Task brief: Only the lines from the one containing "Продается 3-х комнатная" to the end of the material are to be copied, exactly and in full; images stay out.

*** Opening of Exercise data ***

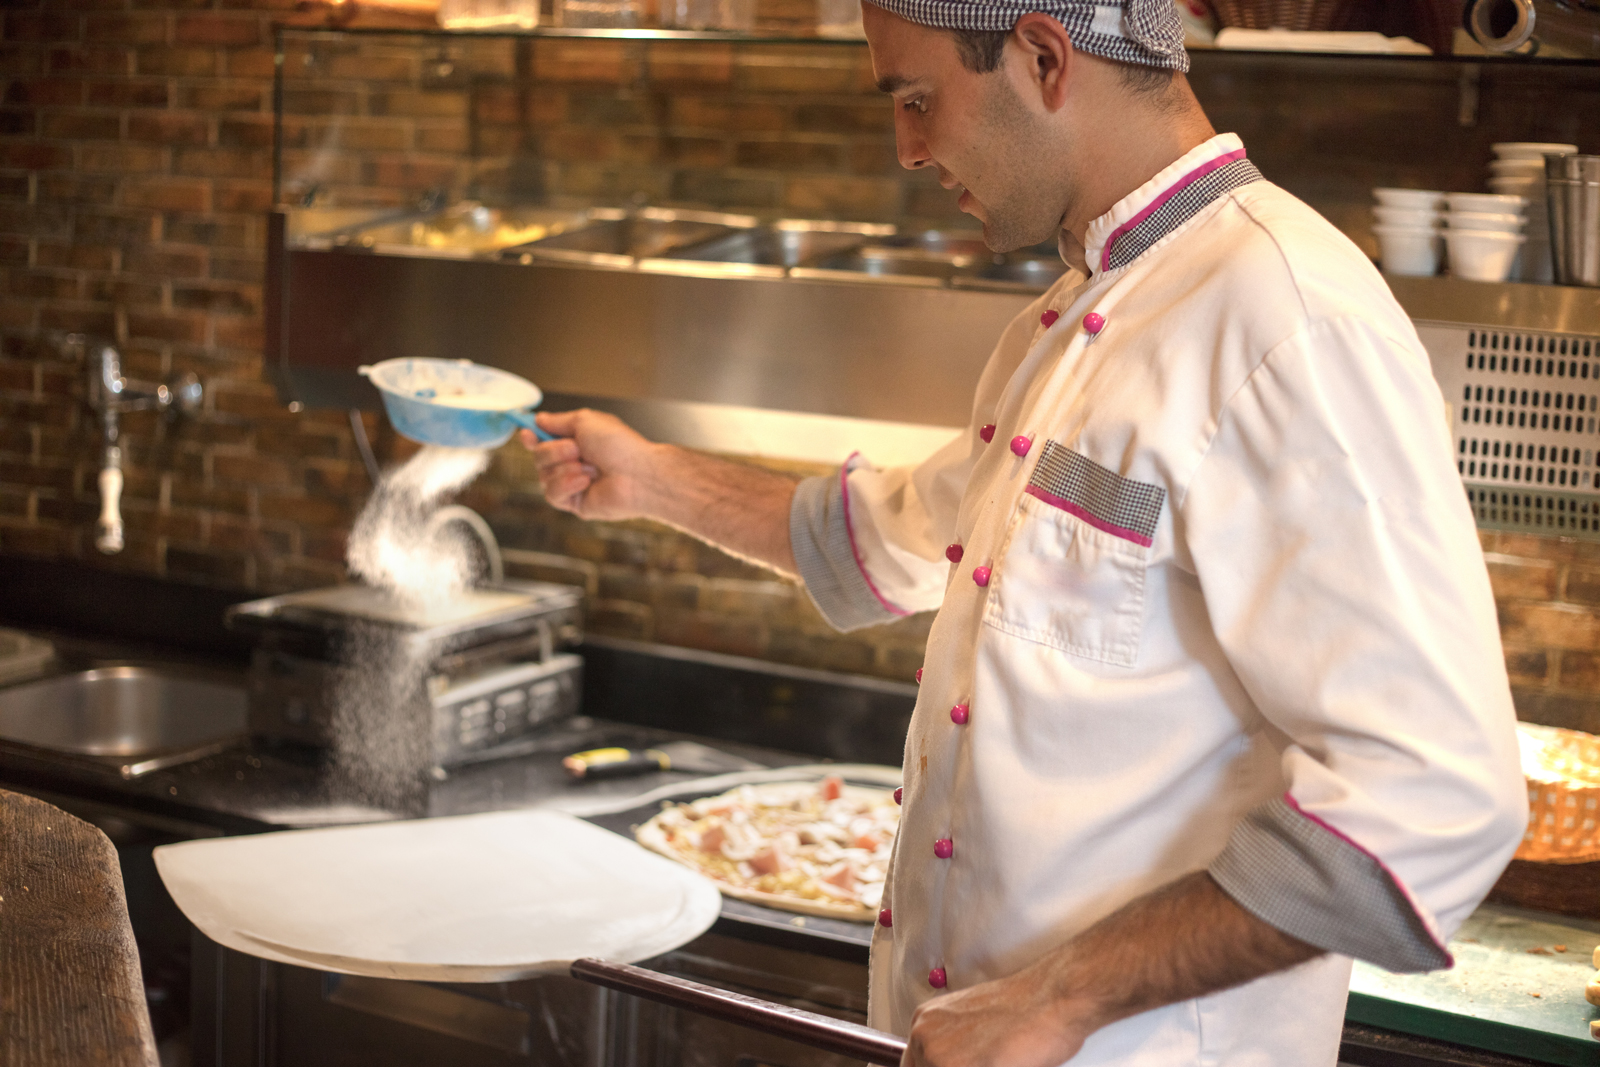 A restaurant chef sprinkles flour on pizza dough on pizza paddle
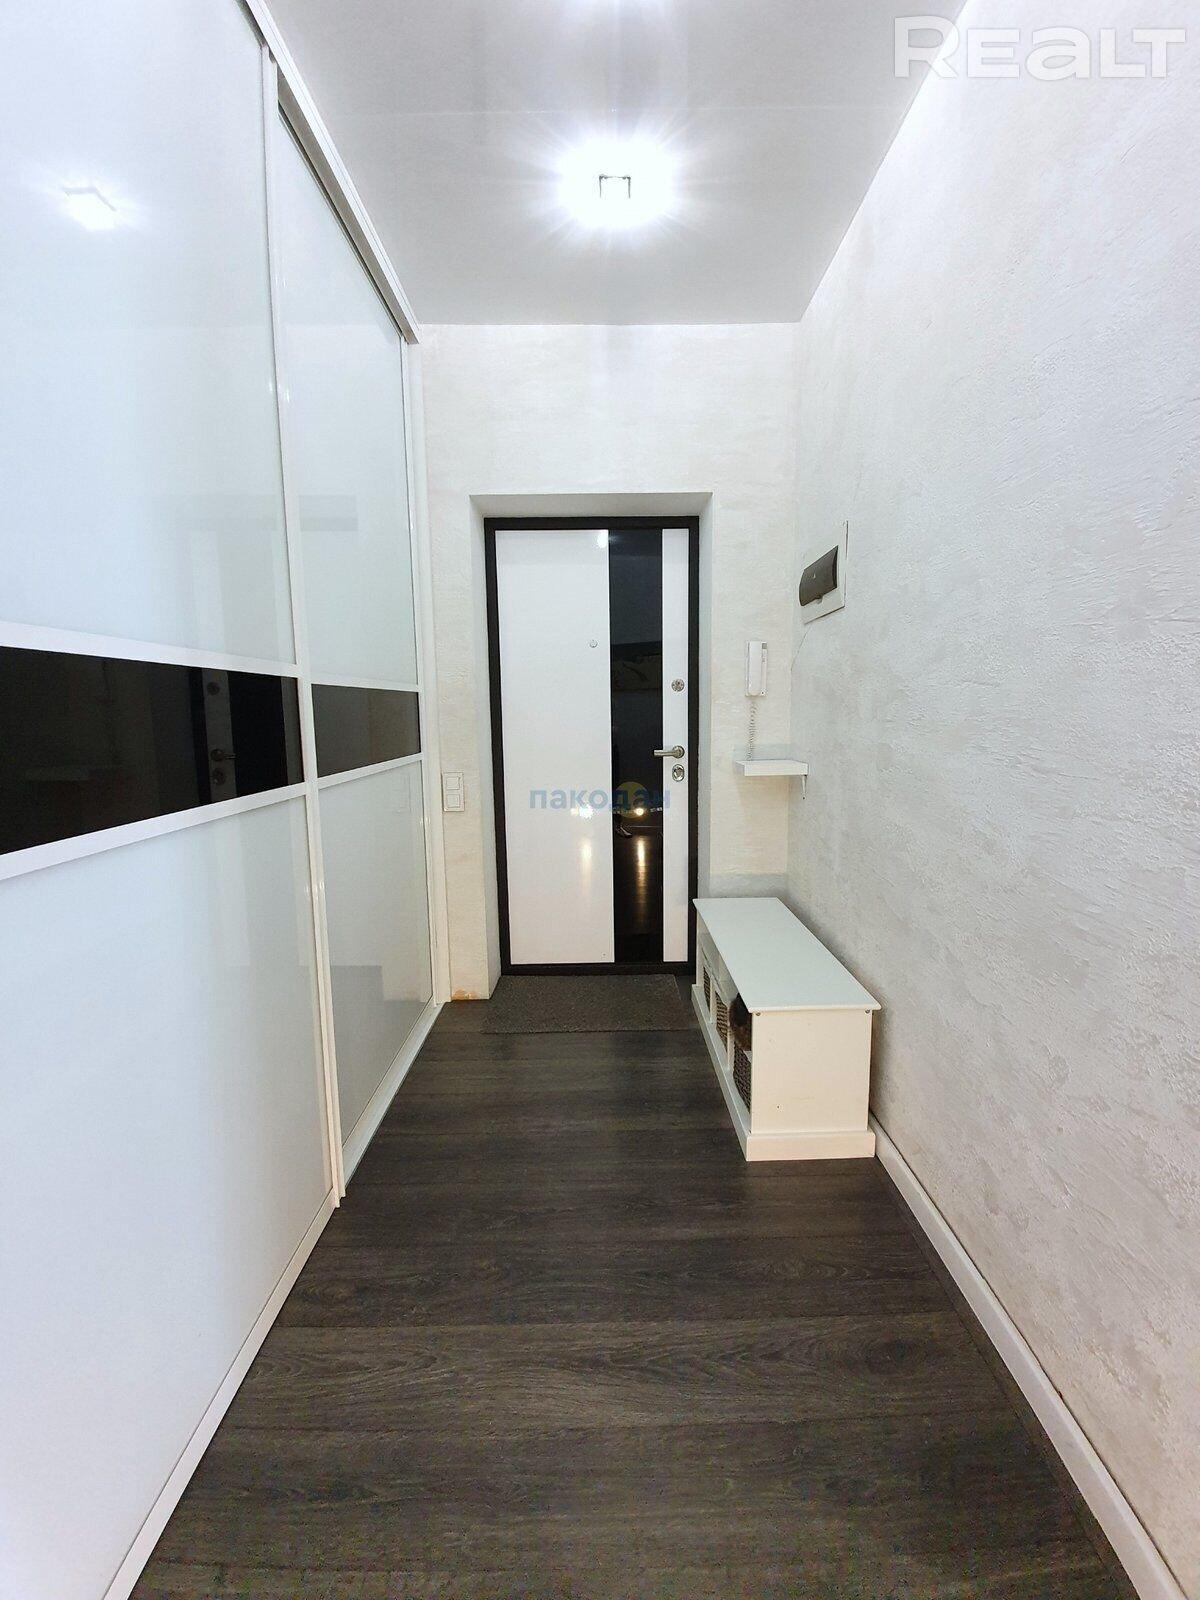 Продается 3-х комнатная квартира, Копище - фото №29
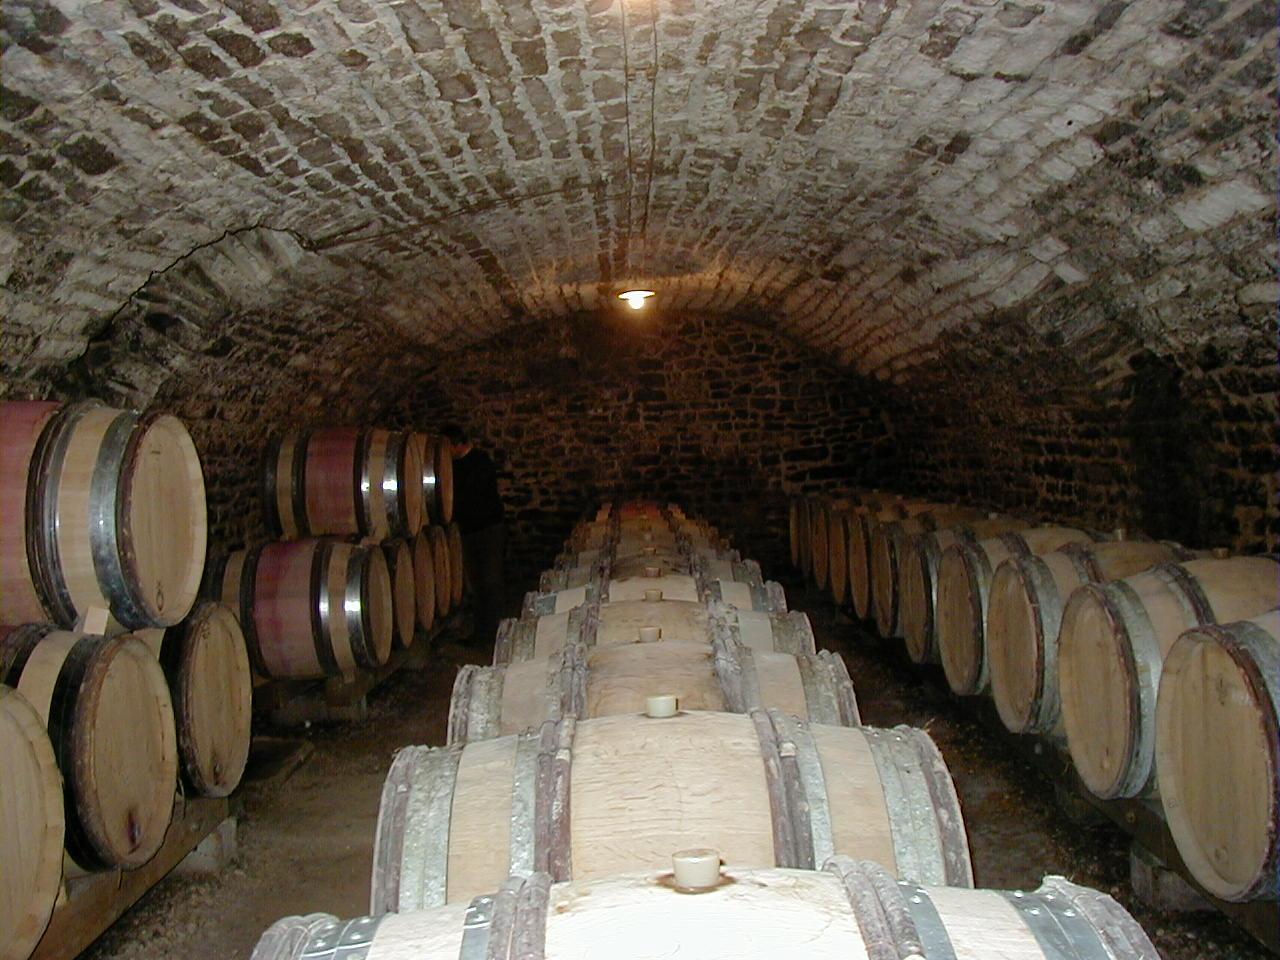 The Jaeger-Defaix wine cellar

*** Close of Exercise data ***

Solution below:
 Продается 3-х комнатная квартира, Копище - фото №29
 The Jaeger-Defaix wine cellar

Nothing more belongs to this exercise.